The Purchasing Managers’ Indexes (PMI) which look forward, were very strong. The manufacturing index came in at well above the ’50 mark’ that indicates strengthening expectations. At 52.4 it was actually at a five year high. The services PMI was even stronger at 55.4 which was a three year high. Not much to worry about there!
China debt was downgraded in September (but so was UK debt). The new massive infrastructure programme is likely to change the world order and we should benefit. But it might take a while for the flow on to take hold.
US
Trump has had no real wins this year but the tax plan might make it. So far there is no real plan but there is enough at least to get his own team on side. To cut the corporate tax rate from 35% to close to 20% would have a massive positive impact. It has to be funded (at some point) but there is lots of wiggle room.

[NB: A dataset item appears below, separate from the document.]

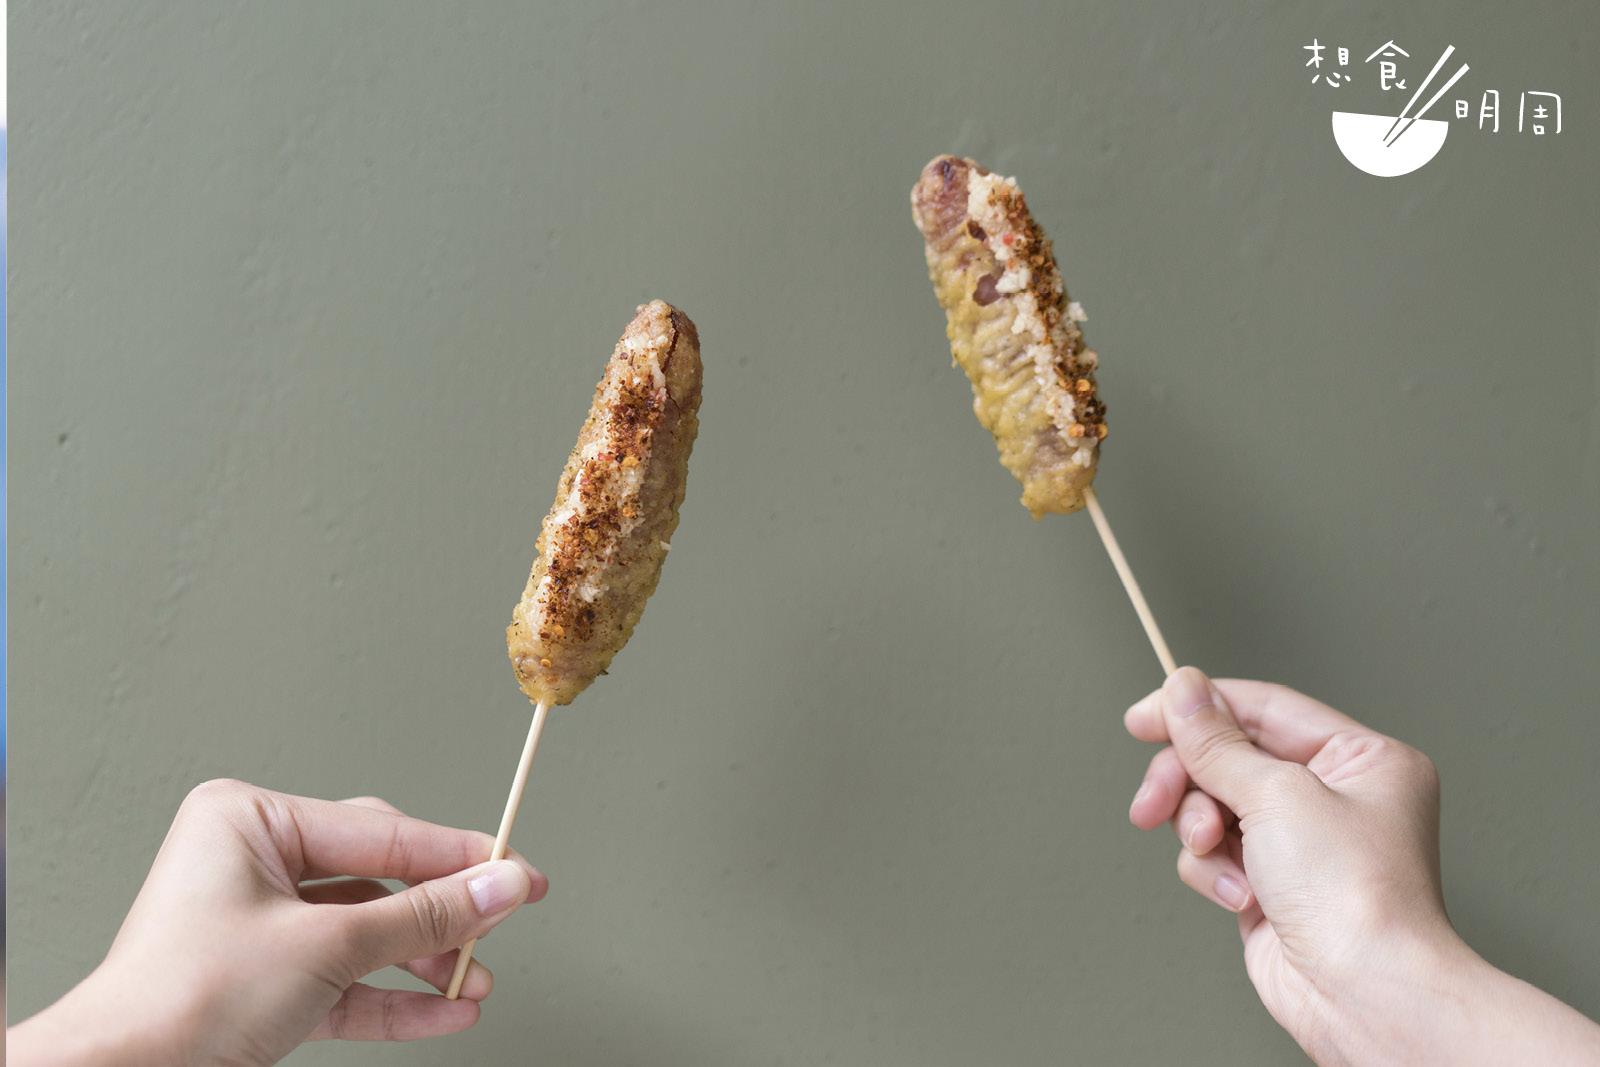 店主極力推介的反而是「脆炸台灣腸」。香腸外層蘸滿天婦羅炸漿,面層舖滿蒜茸和自家製麻辣粉,微辣帶麻勁,正!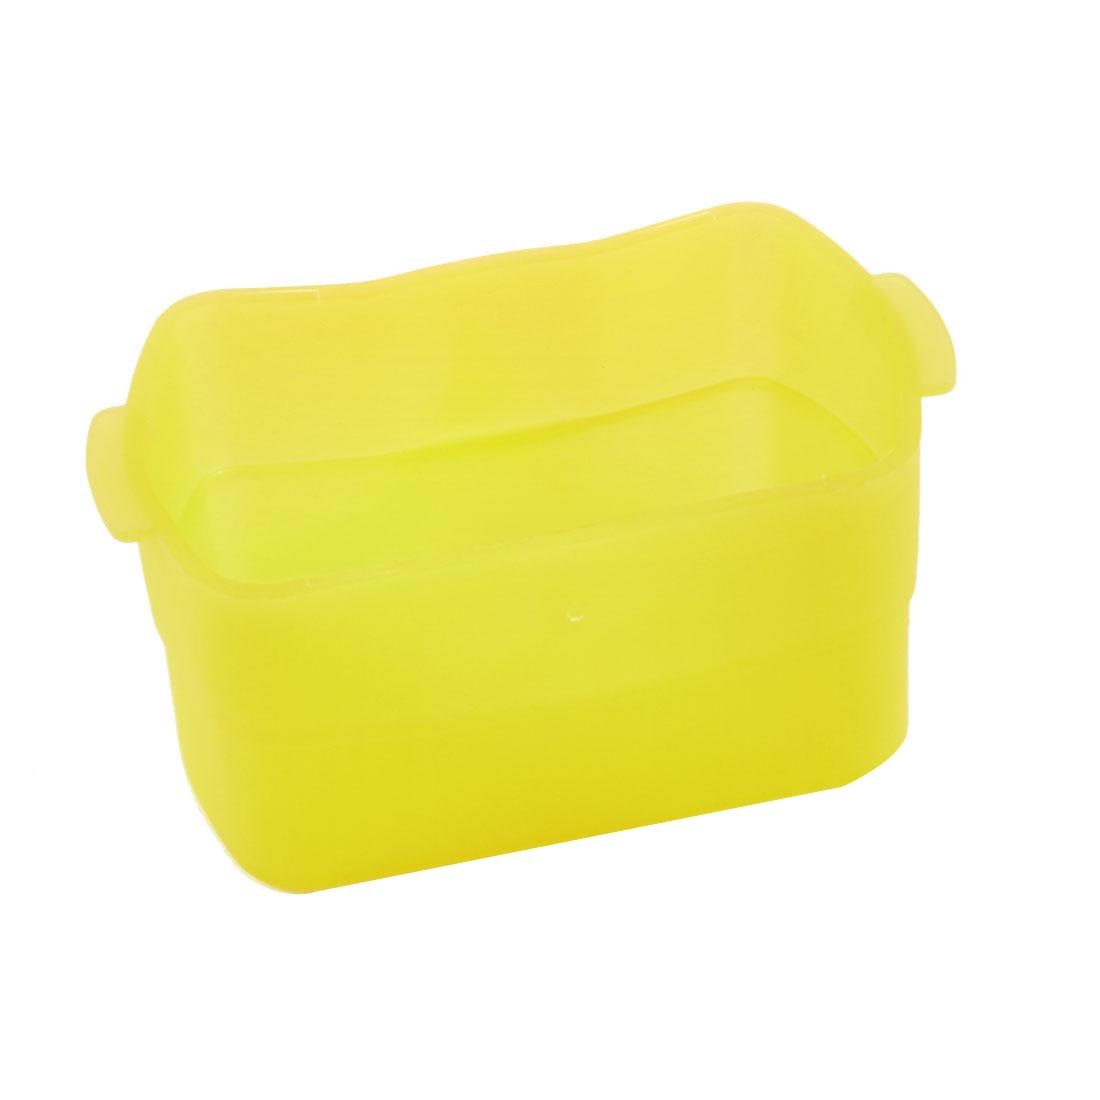 Yellow Flash Bounce Diffuser Camera Cover Cap Box for Canon 580EX II

The jobs data were a little bit soft in September but one month does not make a trend. The average for 2017 job creation is the same as the 2016 average.
Europe
Brexit dominates but the noise seems to be subsiding. Naysayers seem to want the UK to fail but the leaders are being measured.
Europe is now so far from the basket case it was a few years ago, it can work its way through this. With the all-important German and French elections behind us we can look to the future. The European Central Bank is unlikely to upset the balance.
Rest of the World
North Korea has seemingly gone quiet after China closed ranks with the West on the recalcitrant North Korea. That will help markets.
But the big ‘Rest of the World’ news must be that Saudi Arabia is now allowing women to drive cars. Hopefully no one thinks that women shouldn’t be allowed to drive but when half of the population suddenly gets a learners permit after many years in the passenger seat, what chaos can follow? Robot-driven cars are needed quick-time.
By Ron Brewley on behalf of Infocus.